Thursday, January 6, 2011

In need of an attitude adjustment

This is a little more realistic.

I blame my parents and Sesame Street. My whole childhood I was told "You can be anything you want to be!" This statement was kind of true, in that my sights were set pretty low (English teacher? pretty much in the grasp of most literate people), but also was untrue, because "get paid to do nothing but read awesome books of your choosing and then hang out with reasonable people and talk about them" isn't actually a job that exists.

The last few weeks I've been fighting a sort of job-related malaise. Actually, I've been fighting job-related malaise for a lot longer than that, but I've been thinking about it a lot for the last few weeks. I guess it boils down to the fact that, although I'm using my degree and editing and stuff, my job has nothing to do with my interests. I occasionally get to be passionate about punctuation, but the vast majority of my day is spent on stuff that just doesn't blow my skirt up.

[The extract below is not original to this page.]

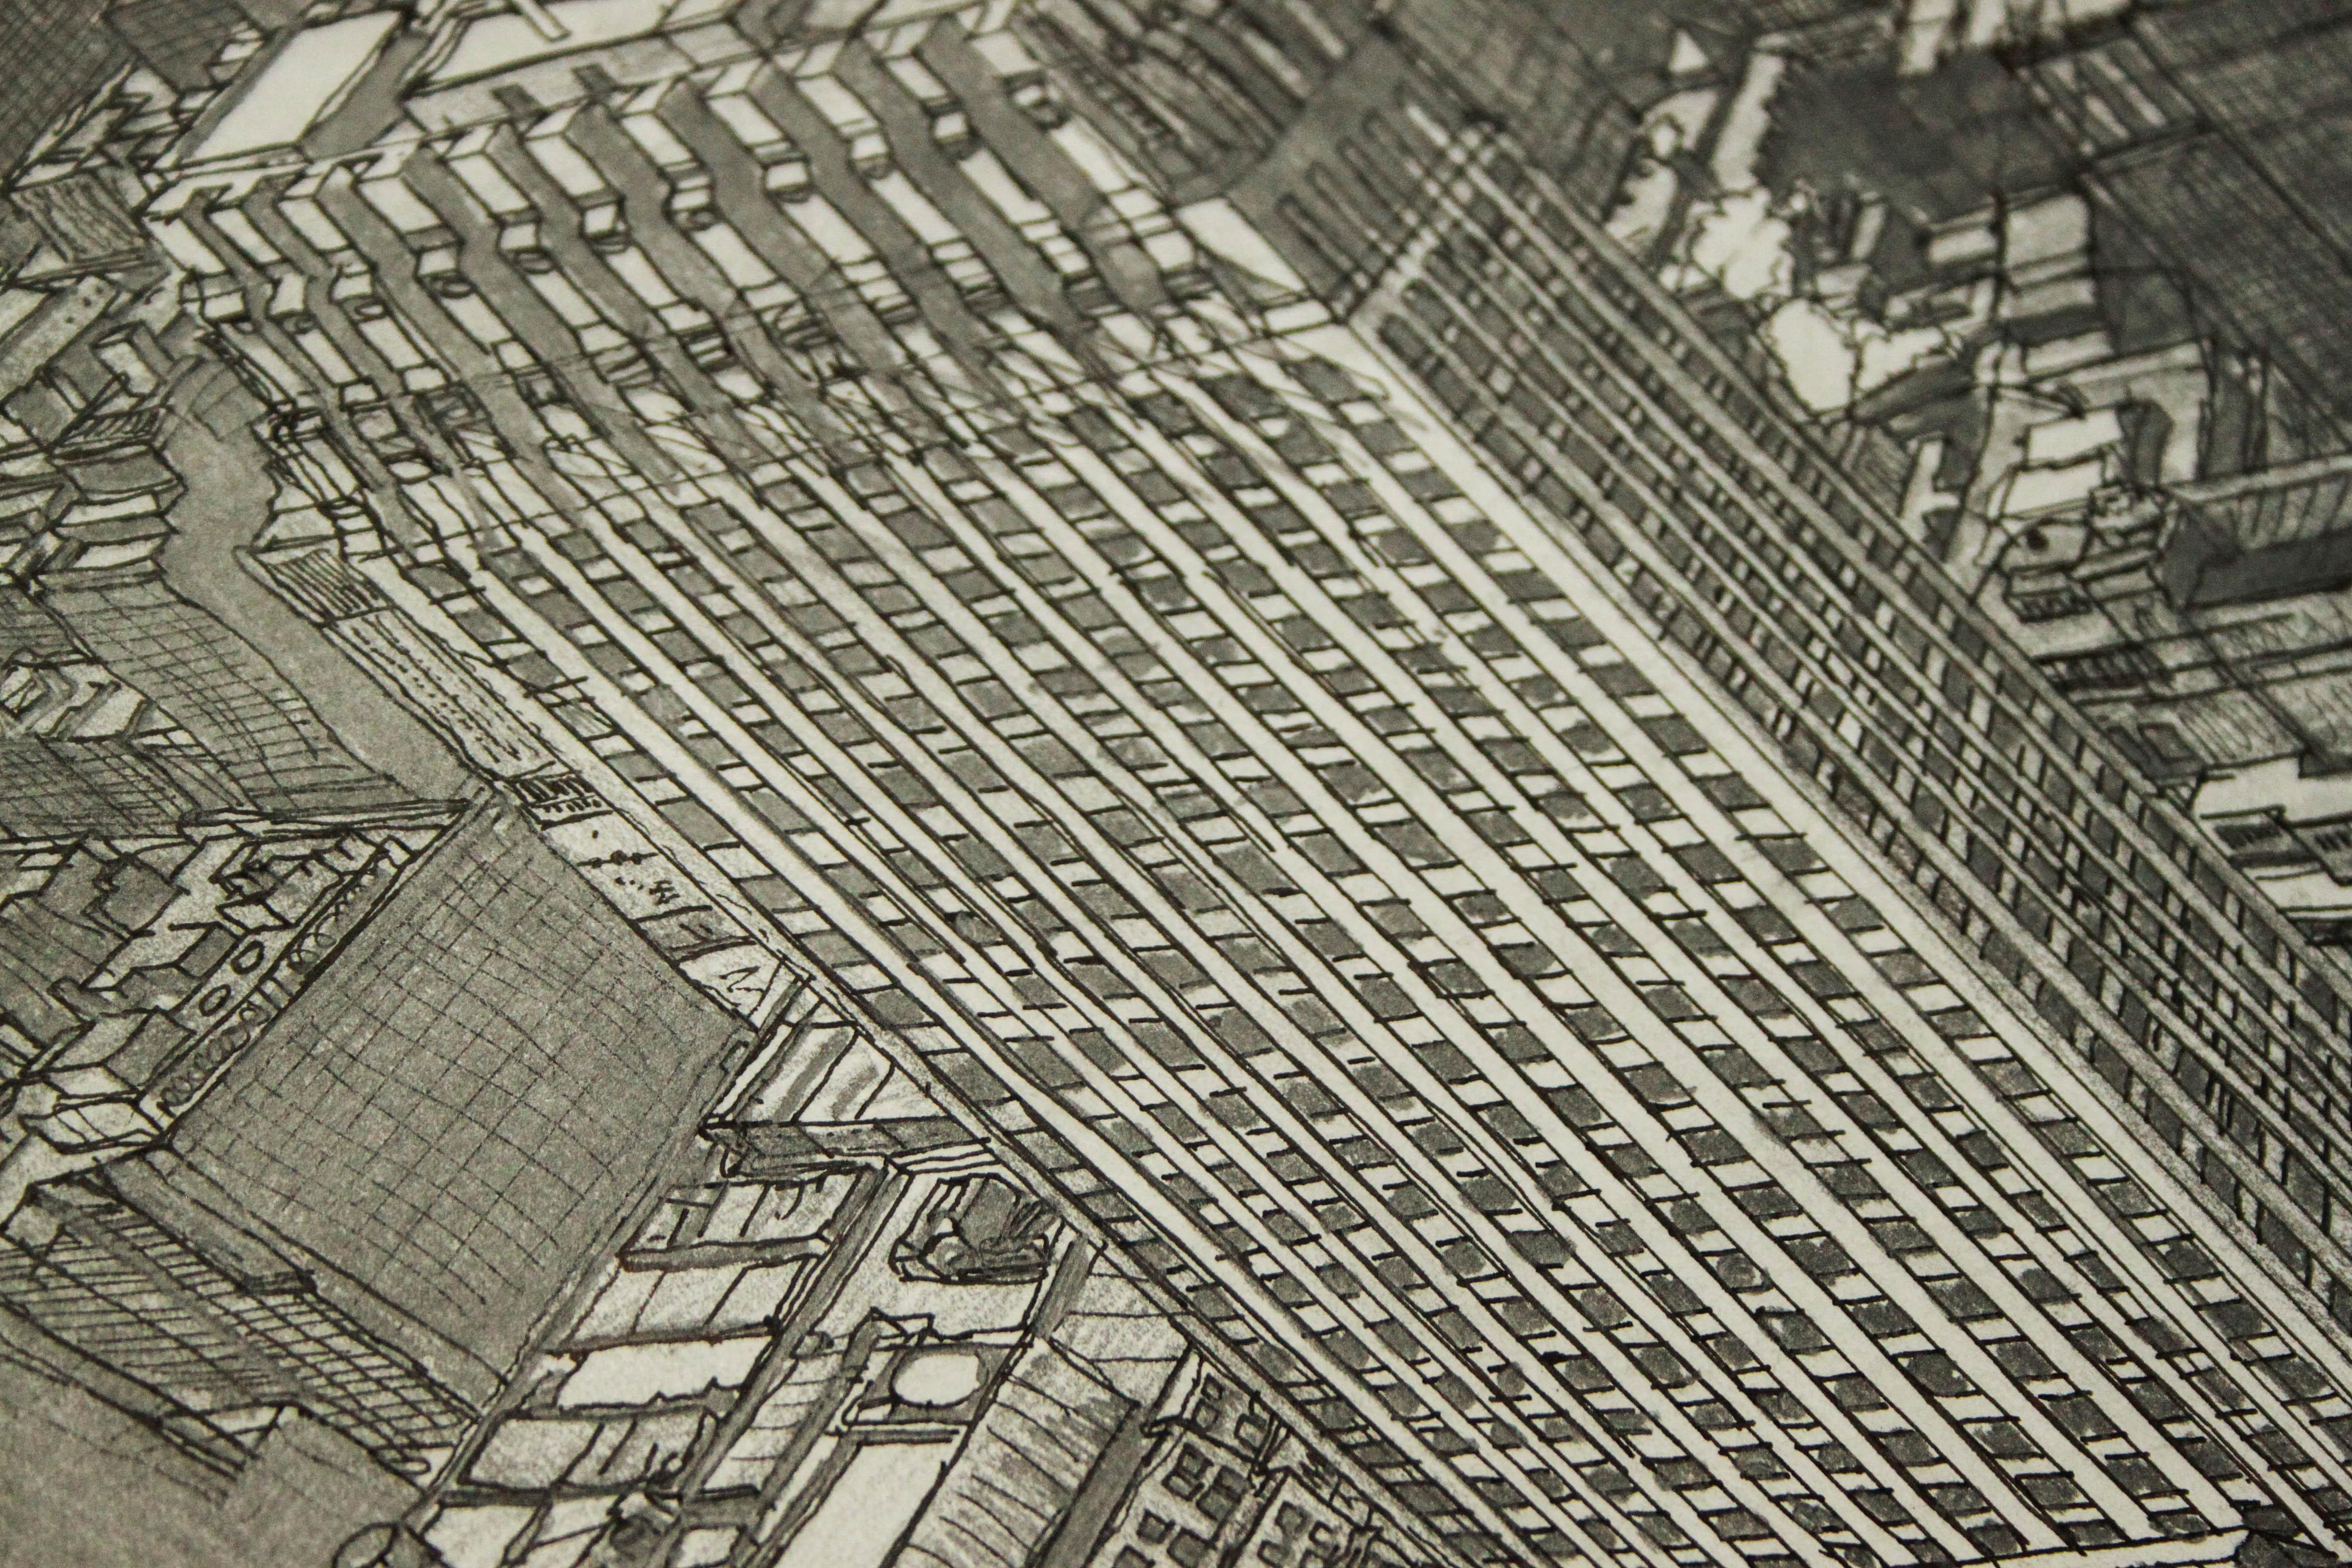 David Bassadone New York National Geographic 1930_2021 detail

I think my generation has this idea that we all deserve jobs that make us happy. I feel like we expect to wake up and feel excited about going to work every morning. But in my experience, this is hardly ever the case. I don't hate my job, my boss isn't evil, I make decent money for what I do. I am working hard on being okay with having a job that isn't fun or wild or even particularly interesting, because there are hardly any other jobs out there that would even be this good a fit. Wish me luck on that shit.

Man, this post is a downer, huh? Do you have a job you love? How do you cope with a job you don't?

P.S. While it's probably true that most literate people could get certified to teach English, I feel obligated to point out that most people wouldn't have been as awesome a teacher as I was.